# 1965 Schwinn Deluxe Stingray Opal



## Jewelman13 (Jan 22, 2019)

New to the collection is this rare color opal(violet)color 65(January-AA) Schwinn Deluxe Stingray. From what I’ve heard, this color was only made for 4 months starting in 64 and ending around Feb 65. #Schwinn #schwinnstingray #schwinnstingraydeluxe #opalstingray #bananaseat #musclebike #bicyclerestoration #bicycle #vintagebicycle #antiquebicycle #ratrod


----------



## 60sstuff (Jan 22, 2019)

Radiant Violet (Opal) started in April 1964, at the time “Terra Cotta was dropped” and continued into February 65.
March 1965 was the start of the different violet color.

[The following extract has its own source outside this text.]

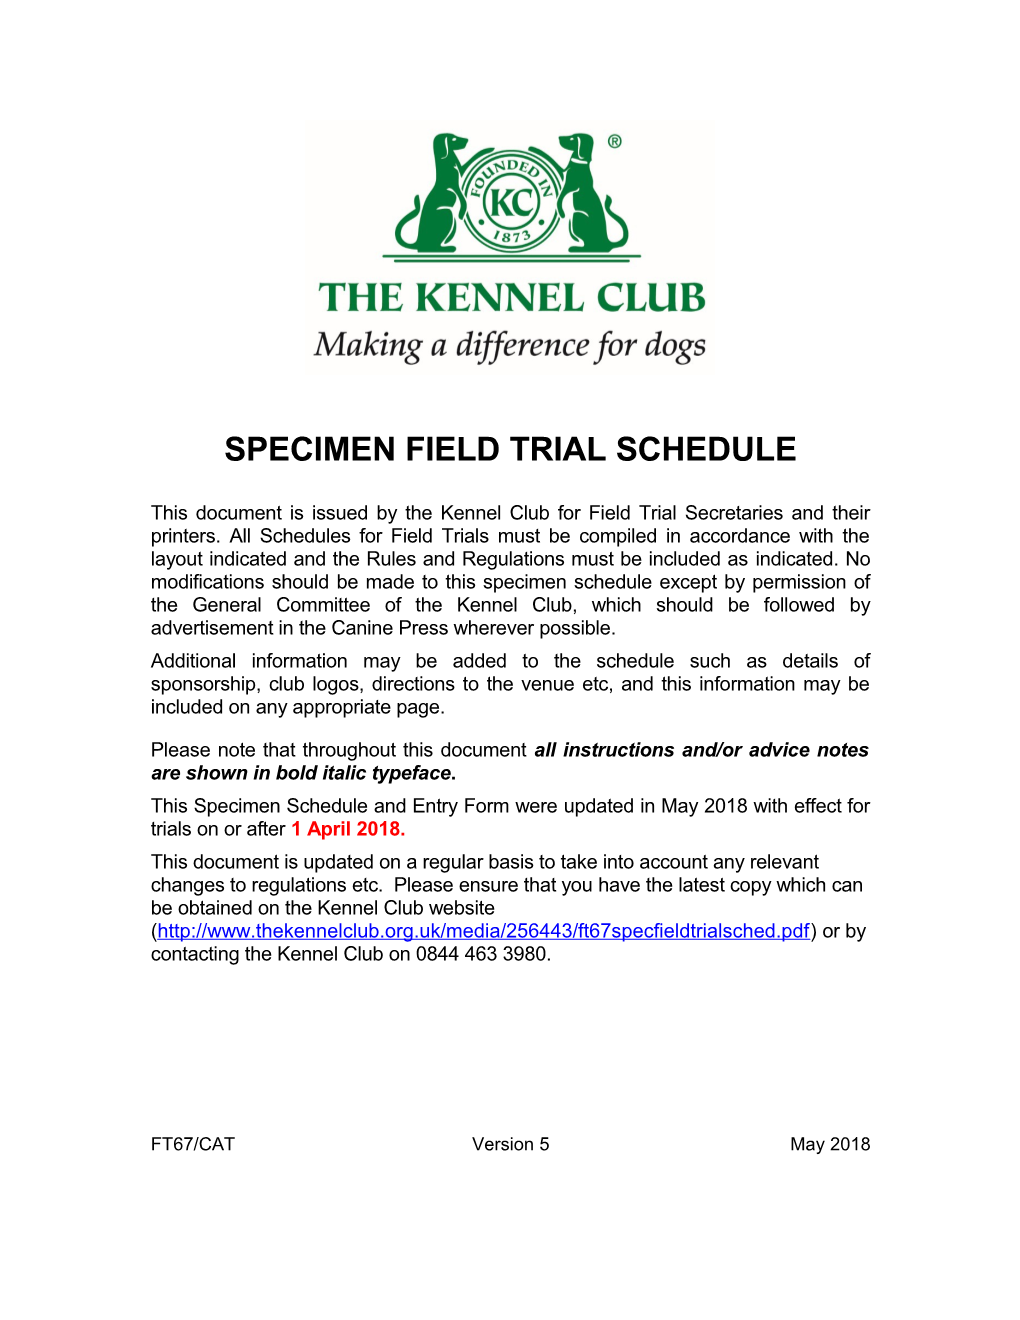 Specimen Field Trial Schedule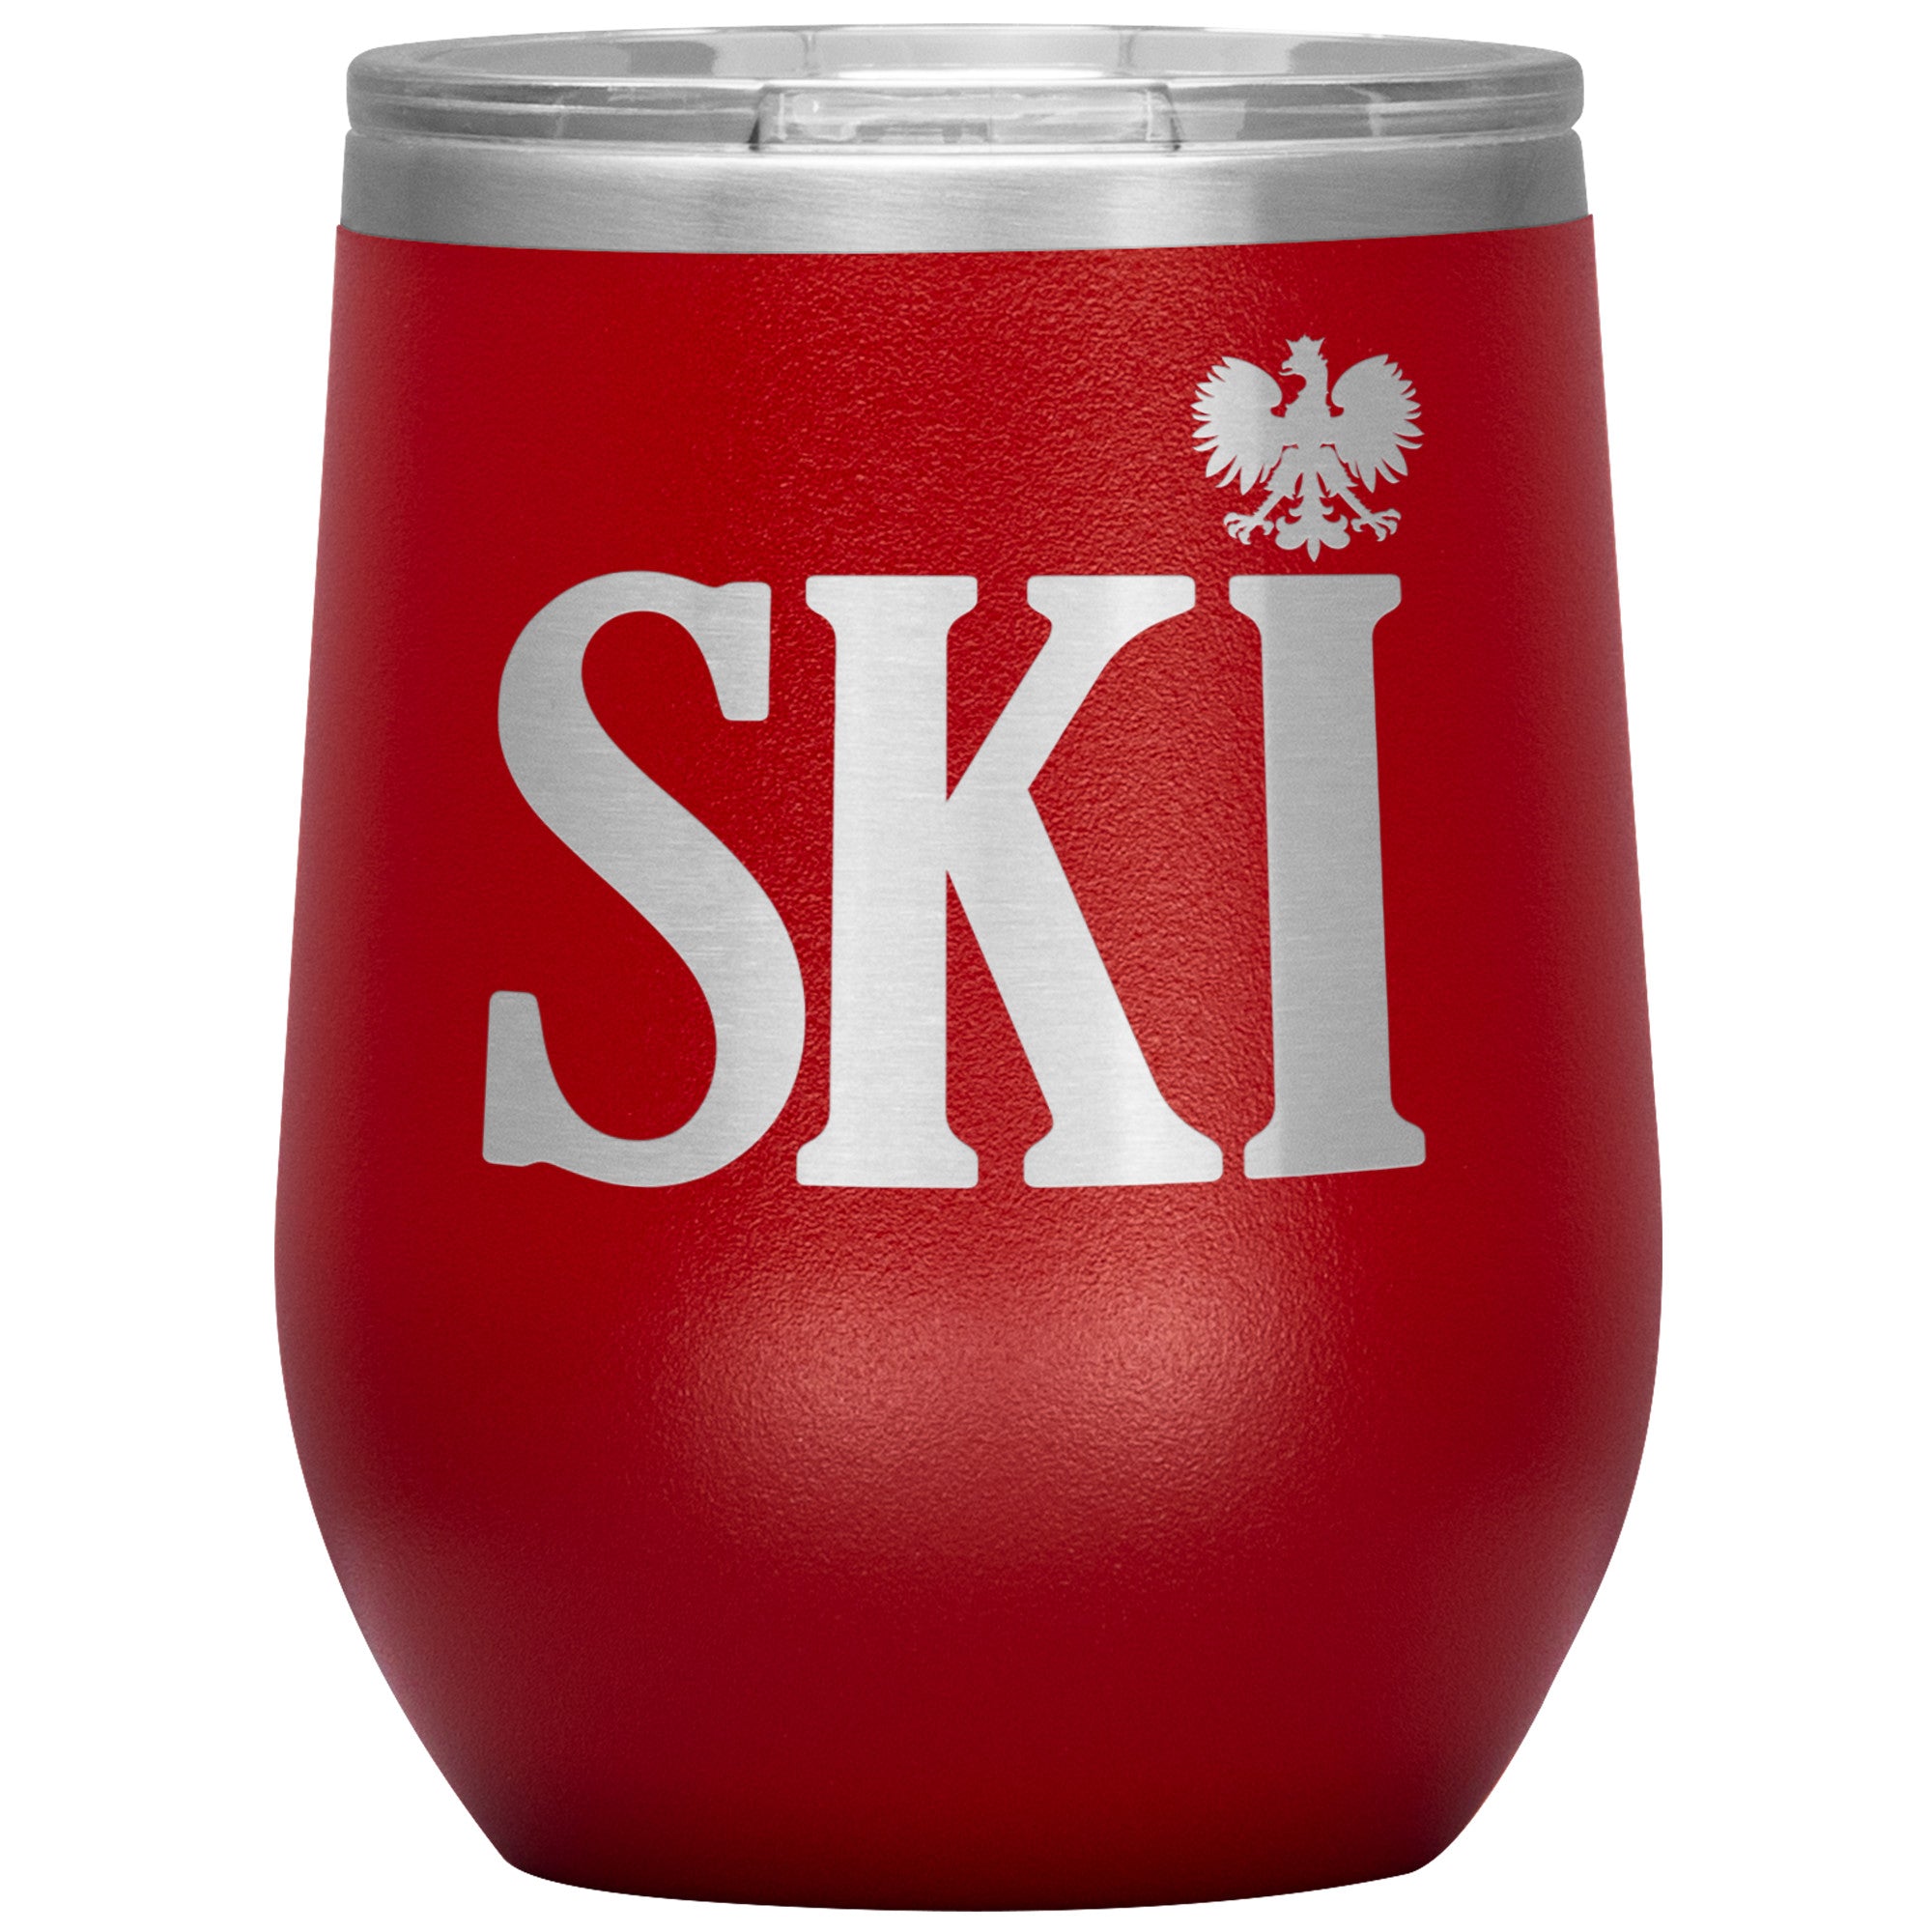 Polish Surnames Ending In SKI Insulated Wine Tumbler Tumblers teelaunch Red

I have a E4, J4, K4 Opal Violet Stingrays.

Chris


----------



## Jewelman13 (Jan 22, 2019)

60sstuff said:


> Radiant Violet (Opal) started in April 1964, at the time “Terra Cotta was dropped” and continued into February 65.
> March 1965 was the start of the different violet color.
> 
> I have a E4, J4, K4 Opal Violet Stingrays.
> ...




Thank you for the correction. Can you post a pic of your opal collection?


----------



## GTs58 (Jan 22, 2019)

You guys are really confusing me. Never heard of an "Opal" Violet bike in the 60's. The did have that name back in the early 50's on some of the lightweights. Never seen any Schwinn lit saying Opal Violet on the Sting Rays. Did I miss that somewhere?


----------



## Jewelman13 (Jan 22, 2019)

GTs58 said:


> You guys are really confusing me. Never heard of an "Opal" Violet bike in the 60's. The did have that name back in the early 50's on some of the lightweights. Never seen any Schwinn lit saying Opal Violet on the Sting Rays. Did I miss that somewhere?




Here’s an example: 67 violet with the 65 opal. You can clearly see the difference in the hues.


----------



## 60sstuff (Jan 22, 2019)

GTs58,
For decades the Violet on a 1964 Stingray has been referred to as “Opal Violet”.

Schwinn 5 ring catalog for 1965 listing Opal Violet, along with 2 spray cans.

My E4, May 25, 1964 is shown here.
Two NOS forks in their factory paper bags. 
An Opal Violet 2+5 fork.
The later violet on a 6+6 fork.

Note the black bearing race used on the Early Stinrays.
Also starting in Dec. 65 the forks had a knurl just above the bottom race for quick identification.

Chris.


----------



## Jewelman13 (Jan 23, 2019)

60sstuff said:


> GTs58,
> For decades the Violet on a 1964 Stingray has been referred to as “Opal Violet”.
> 
> Schwinn 5 ring catalog for 1965 listing Opal Violet, along with 2 spray cans.
> ...




That’s an amazing example! And your E4 is a dream bike! Thank you.


----------



## nick tures (Jan 27, 2019)

Super nice bike


----------



## mrg (Jan 27, 2019)

Well never really checked that close, all my opal violets have been 64/5's (2 64 Super Deluxe & 65 3 spd) and the other "violet color" have been girls so maybe thought the girls was just a different shade but here's the coincidence, after reading this last night I found this today, a 67 Deluxe, #LC in the other violet, also a pic of one of my 64 Super D & 64 lime.


----------